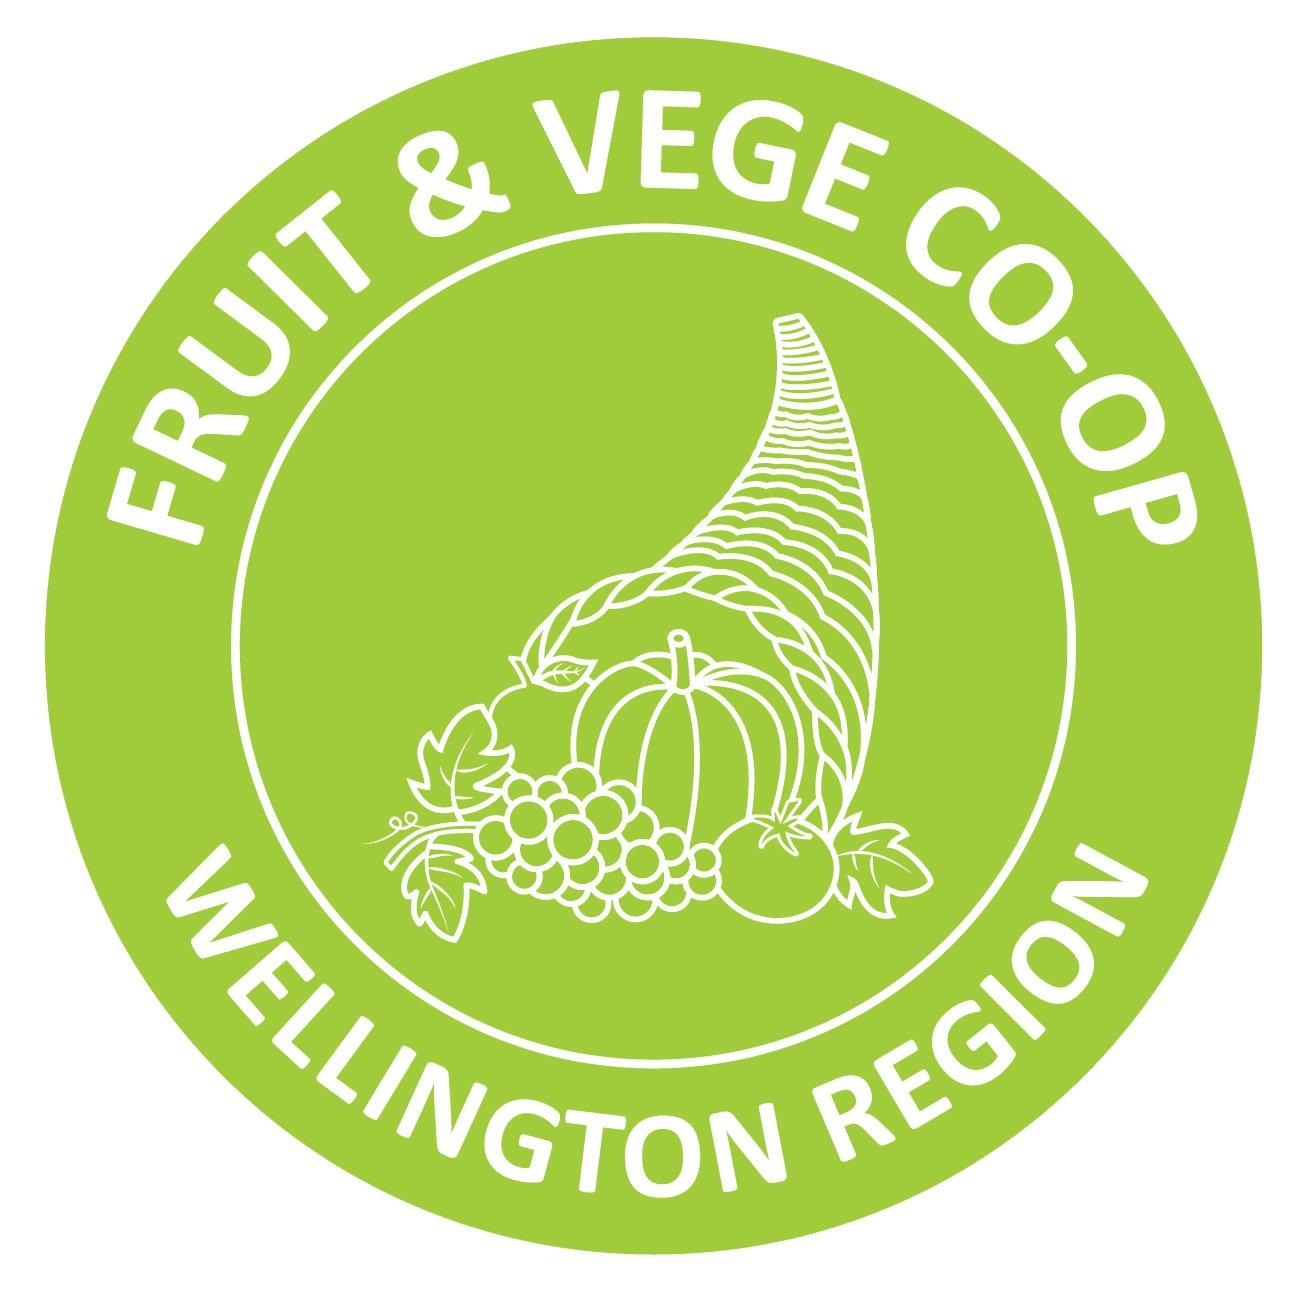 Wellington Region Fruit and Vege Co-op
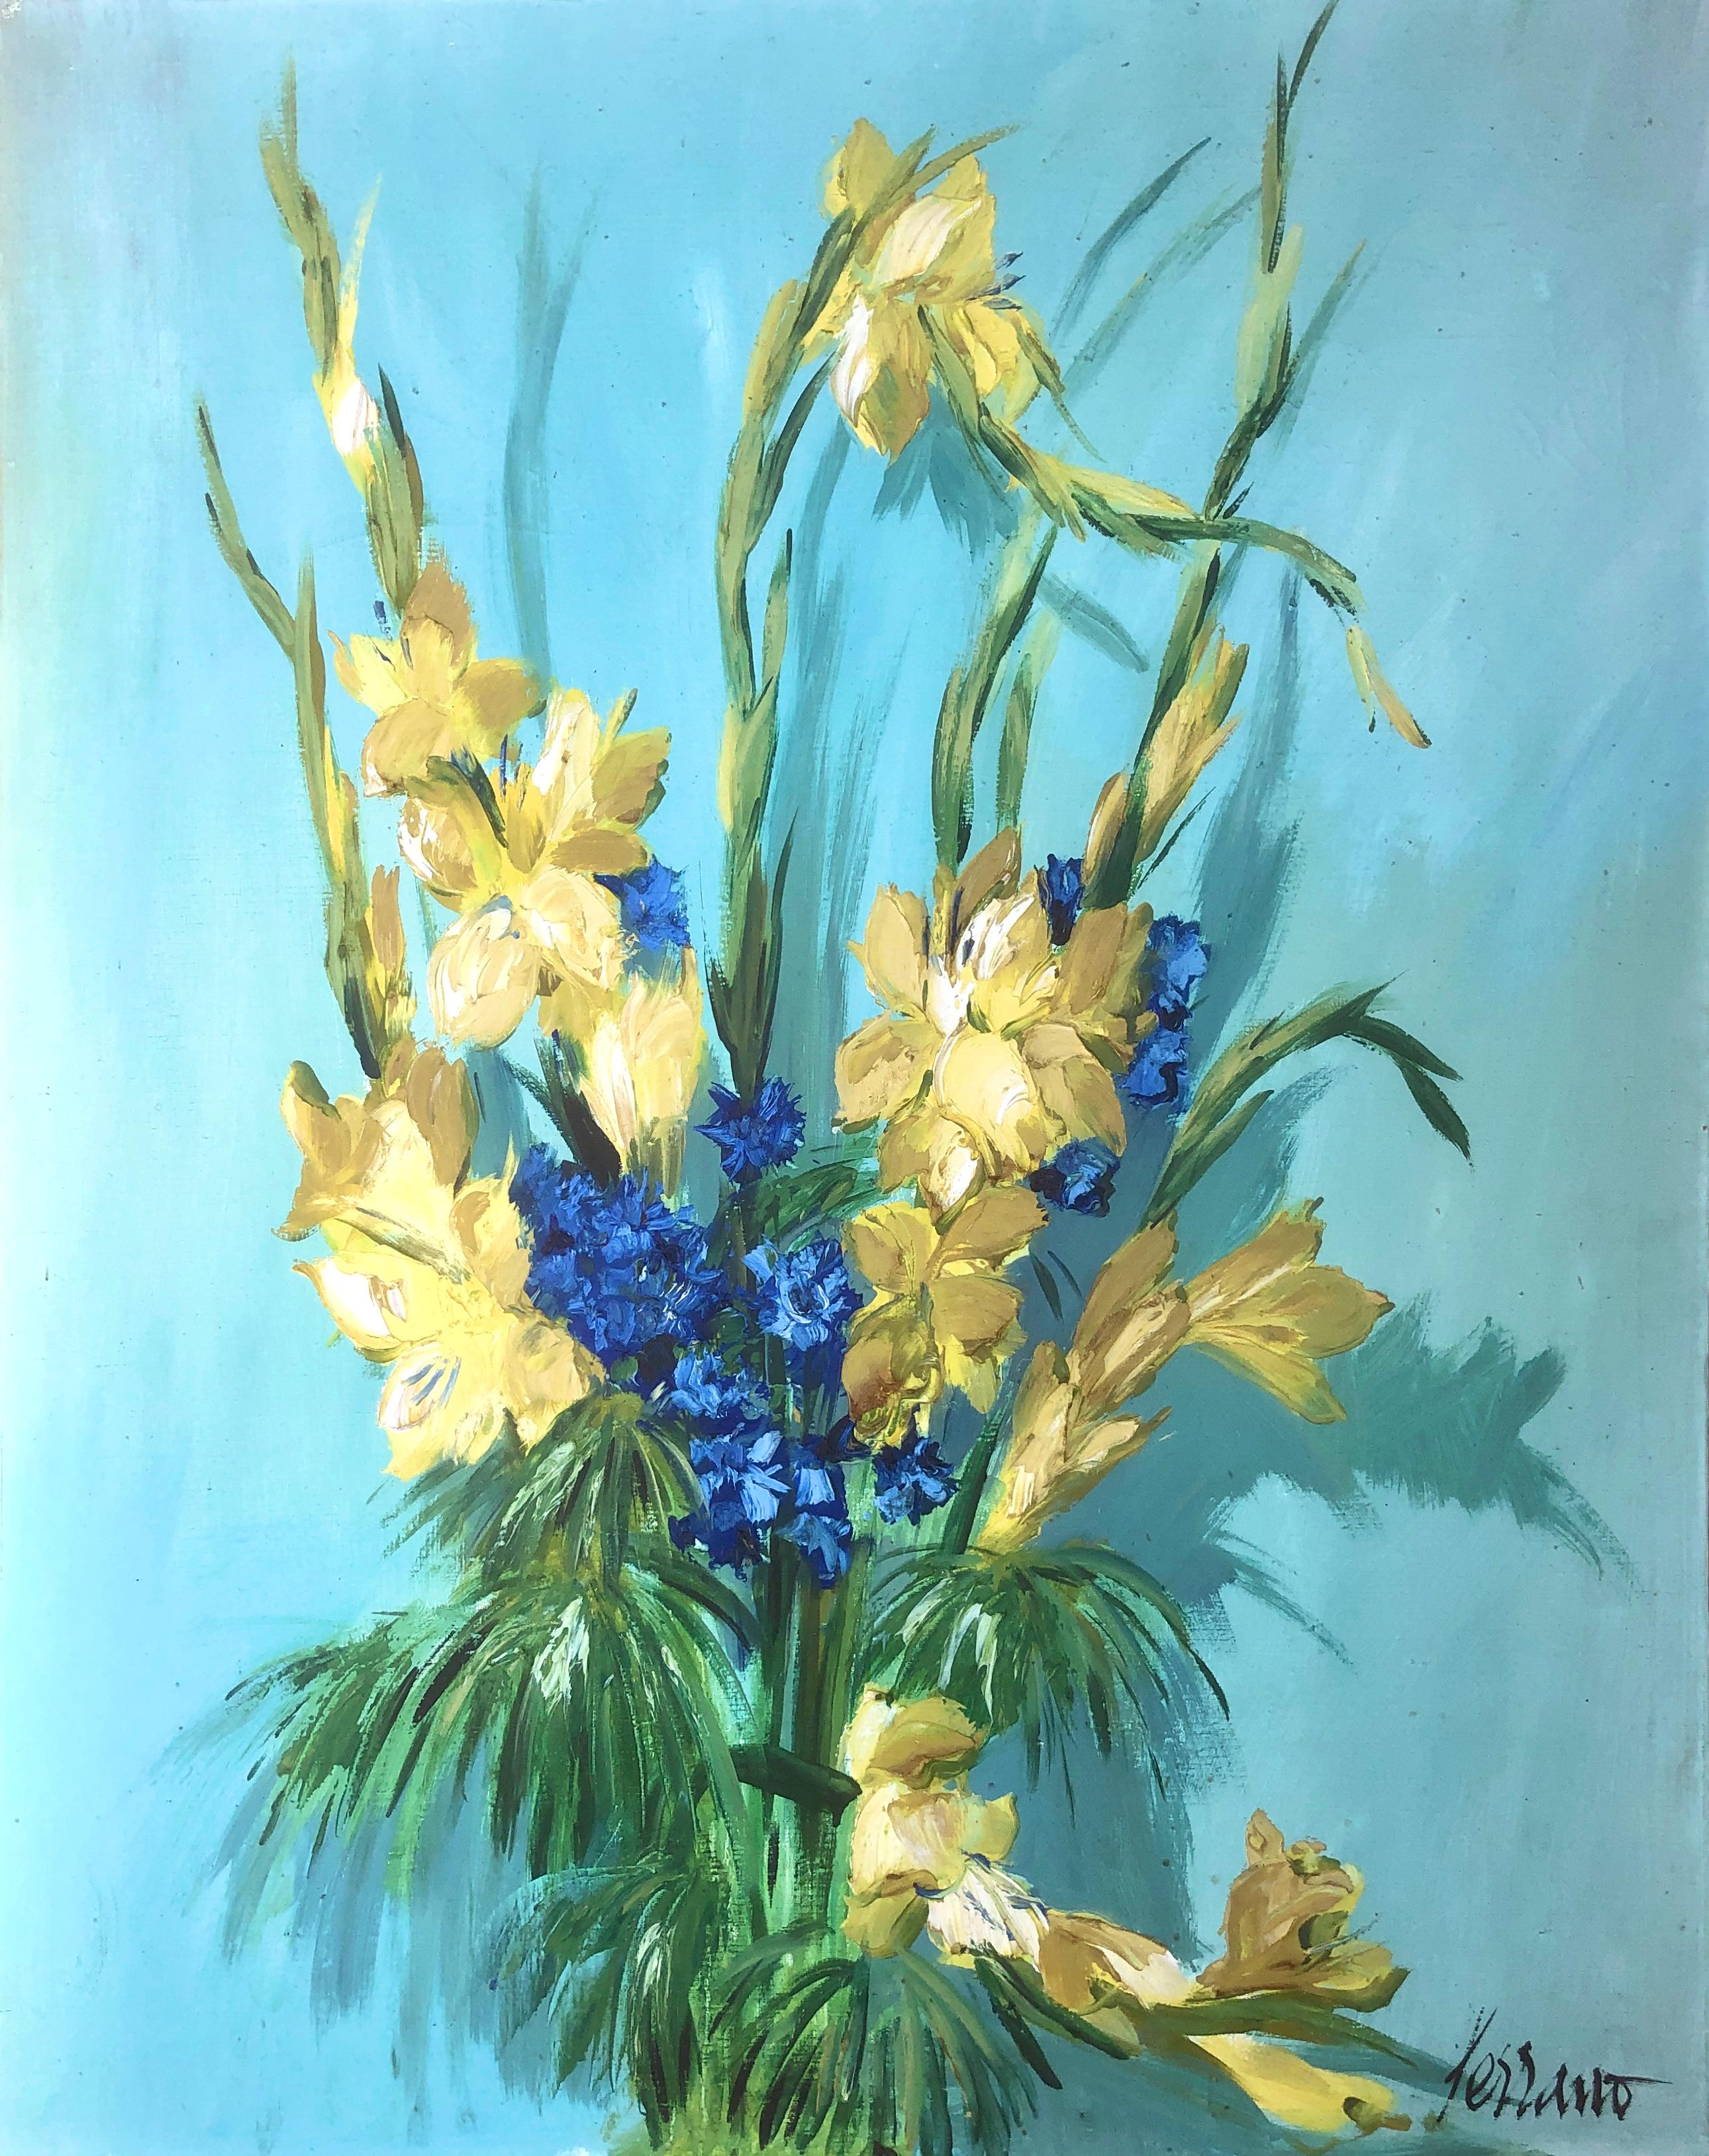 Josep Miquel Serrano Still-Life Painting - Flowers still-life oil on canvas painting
= = = = =
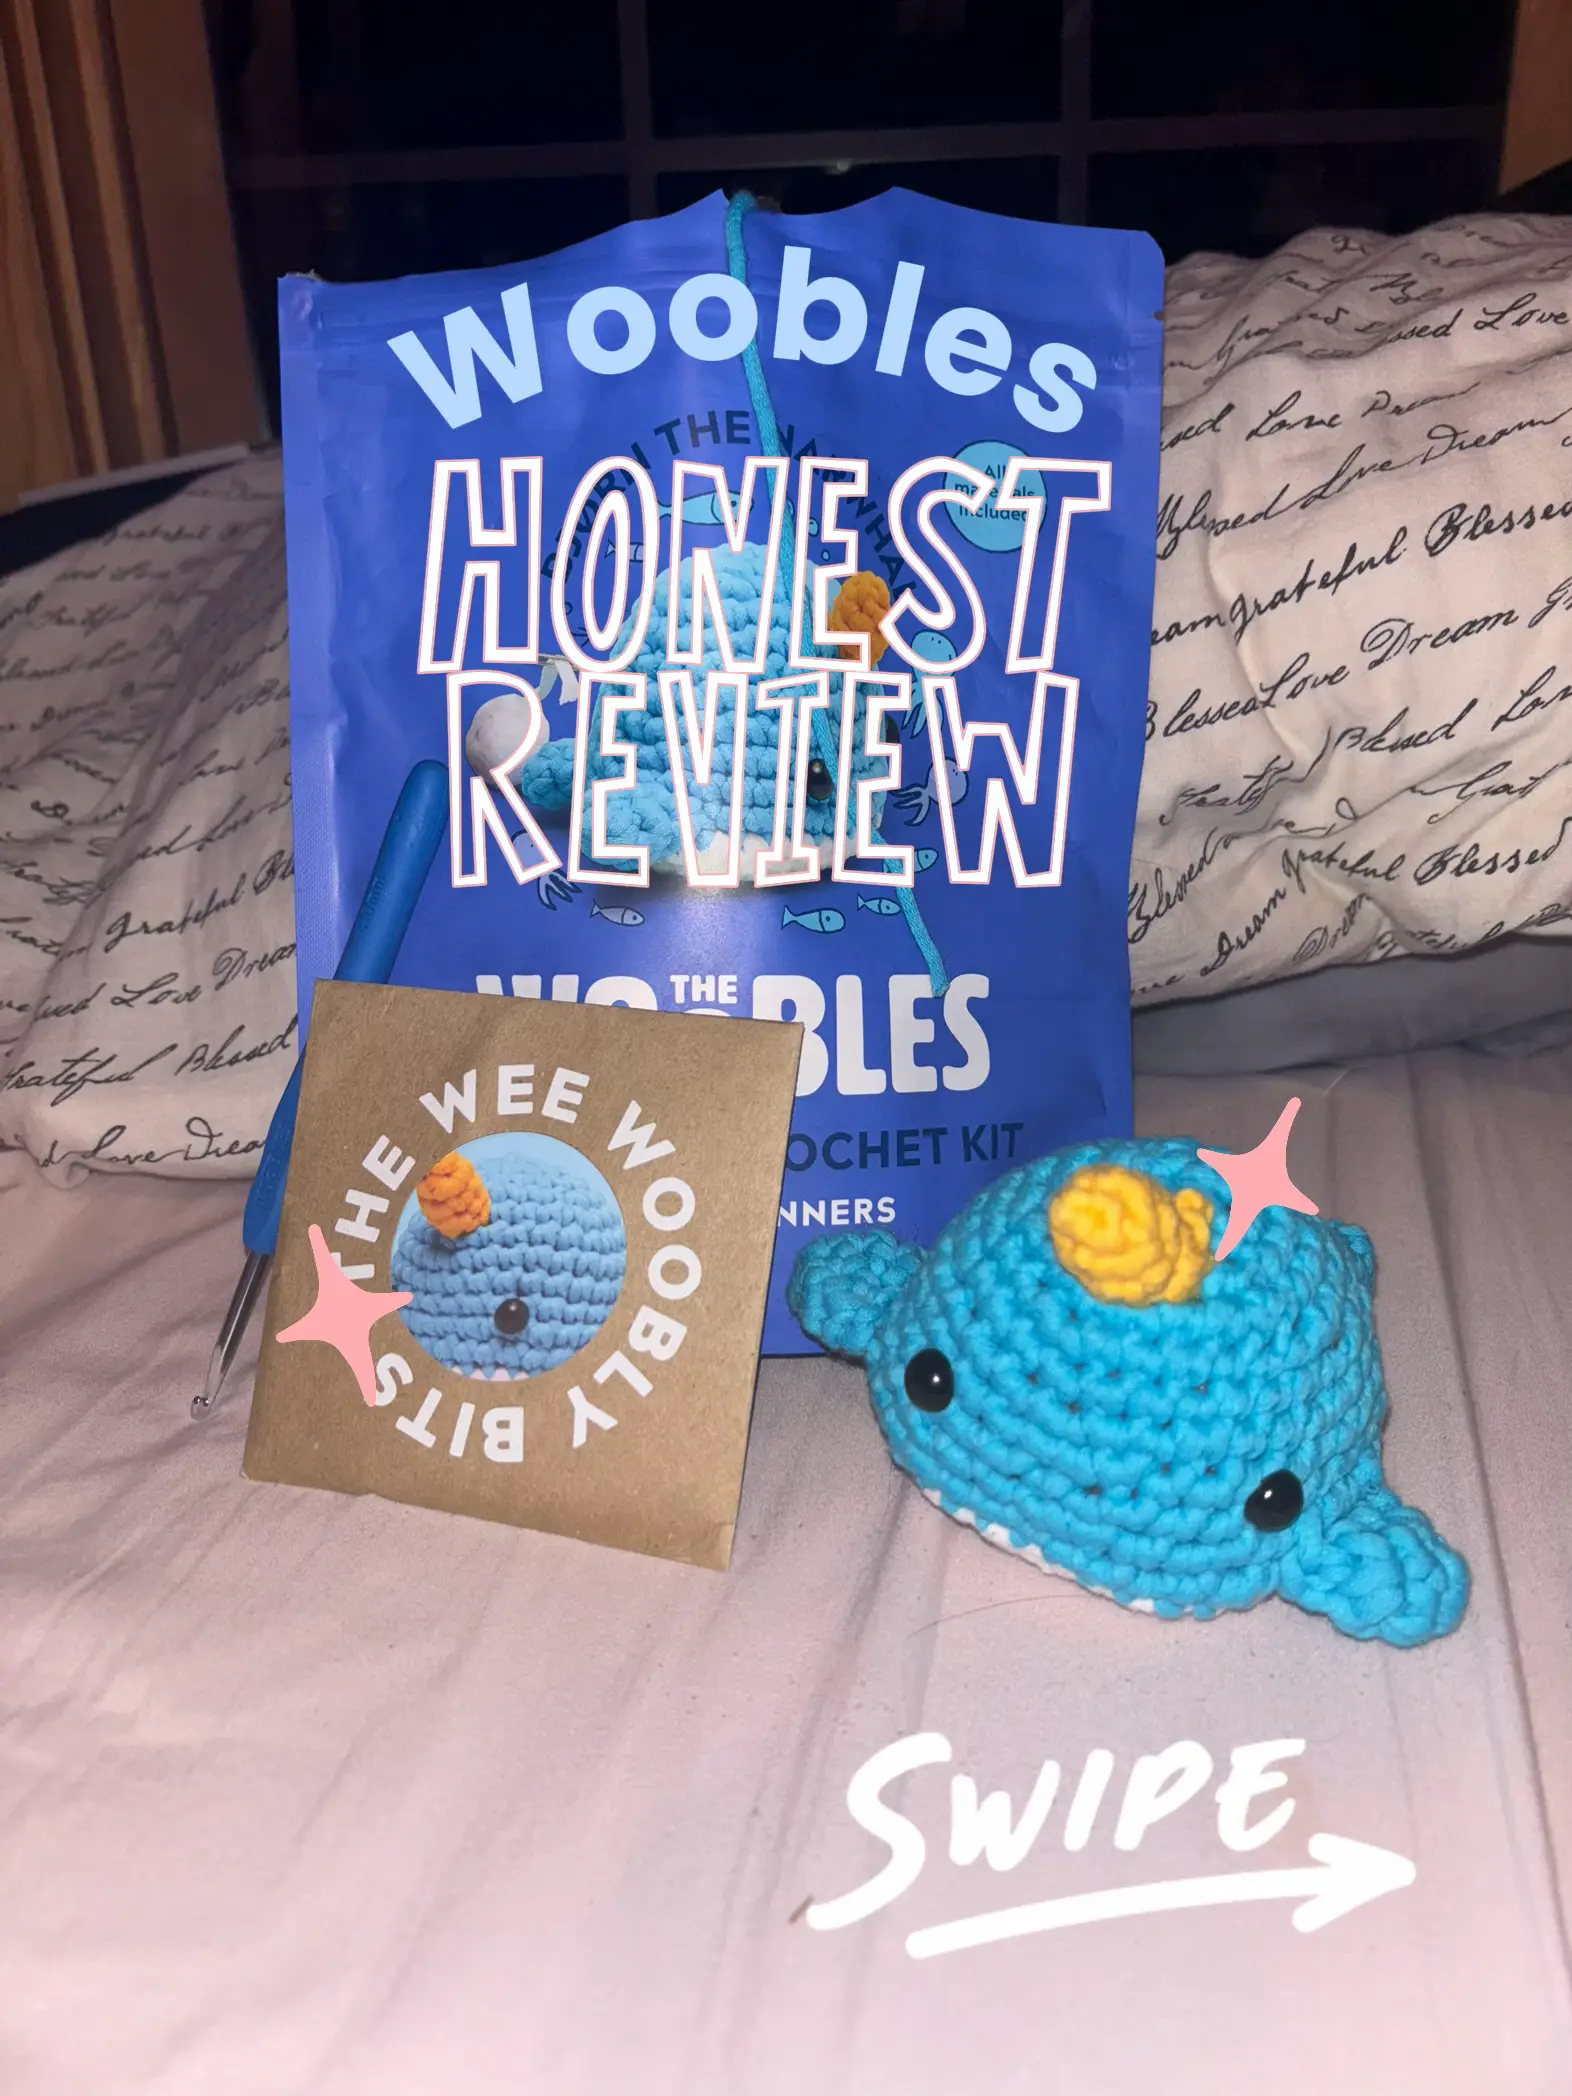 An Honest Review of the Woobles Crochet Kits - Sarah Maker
= = = = =
Required action ▸
Return the lines above from the one with "Wellington Region Fruit and Vege Co-op" through the one with "Josep Miquel Serrano", verbatim and nothing else. Omit every picture.

Output ▸
 Wellington Region Fruit and Vege Co-op
 Josep Miquel Serrano Still-Life Painting - Flowers still-life oil on canvas painting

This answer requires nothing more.